Let $A$ and $B$ be two sets of $d$-dimensional coordinates of comparible (though not necessarily equal length). For example, here we can set $d = 3$ and have normalized values like:
A = {{0.446362, 0.811292, 0.0922594},{0.244159, 0.260142, 0.304582}, {0.122547, 0.269019, 0.0644819},
{0.448114, 0.828661, 0.733406},{0.347111, 0.296056, 0.398861}, {0.219952, 0.653454, 0.09107},
{0.592839, 0.0333978, 0.210341},{0.0970157, 0.132429, 0.366429}, {0.294297, 0.527056, 0.403706},
{0.196355, 0.115887, 0.636247},{0.993047, 0.51482, 0.229379}, {0.251266, 0.135959, 0.178469},
{0.789068, 0.182785, 0.338934}, {0.42705, 0.151849, 0.671407}, {0.796922, 0.229053, 0.946328},
{0.292144, 0.148314, 0.116313}, {0.589524, 0.474425, 0.0958731}, {0.181622, 0.140052, 0.958391},
{0.0376616, 0.614436, 0.394617}};
B = {{0.690322, 1.17215, 0.961834}, {0.271458, 0.942832, 0.745714}, {0.508862, 1.03457, 0.3475},
{0.81515, 0.378891, 0.465227}, {0.6036, 1.34974, 0.426426}, {0.405347, 0.463069, 1.27554},
{1.12031, 0.604772, 1.19204}, {0.373017, 0.343105, 0.595875}, {0.642332, 0.602587, 0.678469},
{0.884344, 0.746337, 0.38915}, {1.22961, 0.47189, 0.712069}, {0.56058, 0.755362, 0.648201},
{0.596699, 0.465542, 0.646428}, {0.48087, 0.522362, 0.315634}, {0.752854, 1.17231, 0.421088},
{0.693156, 0.546617, 0.9851}, {0.507197, 0.426626, 0.847138}, {0.584263, 0.452749, 0.422986},
{0.545495, 0.427736, 0.494085}};
(Note that the order of the elements in $A$ and $B$ are of no consequence.)

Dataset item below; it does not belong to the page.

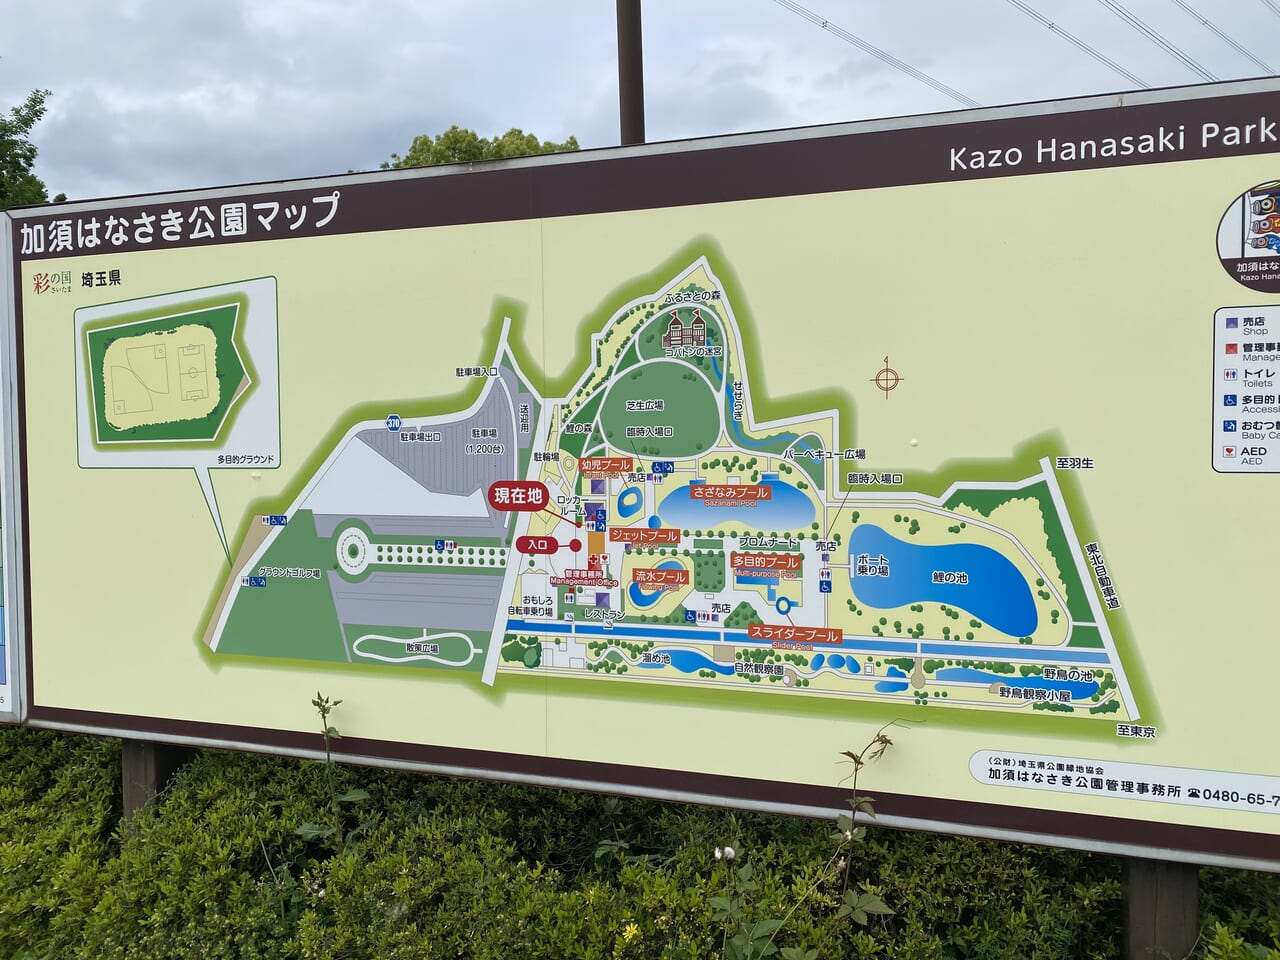 加須はなさき公園の園内マップ

While a bijection isn't possible, I would like to find the best possible "rigid mapping" between the elements in $A$ and $B$ where we add some fixed real number vector $Q=(q_1,q_2,q_3)$ to each coordinate in $B$ to minimize a weighted distance between pairs of coordinates in $A$ and $B$ according to some axis-specific cost function. Consider that in the above example, I've rigged things to make $Q = (q_1,q_2,q_3) \approx (0.3,0.3,0.3)$ about optimal (the largest error is of magnitude $\approx 0.1$).
To specify this cost function, we select array $A$ if it has more points than $B$ and vice versa. For convenience, let's say this array is $A$. Now let $(d_{(1,i)},d_{(2,i)},d_{(3,i)})$ be the shortest distance between a point $b_i \in B$ and $a_j \in A$. I'd like to have a cost function that looks something like:
$C = \sum_{i=1}^{||B||} || ((d_{(1,i)})^{z_1},(d_{(2,i)})^{z_2},(d_{(3,i)})^{z_3}) ||$
Where $(z_1,z_2,z_3)$ represents an arbitrary set of exponents. For a single real numbered value cost, we could compute the Norm of the above sum.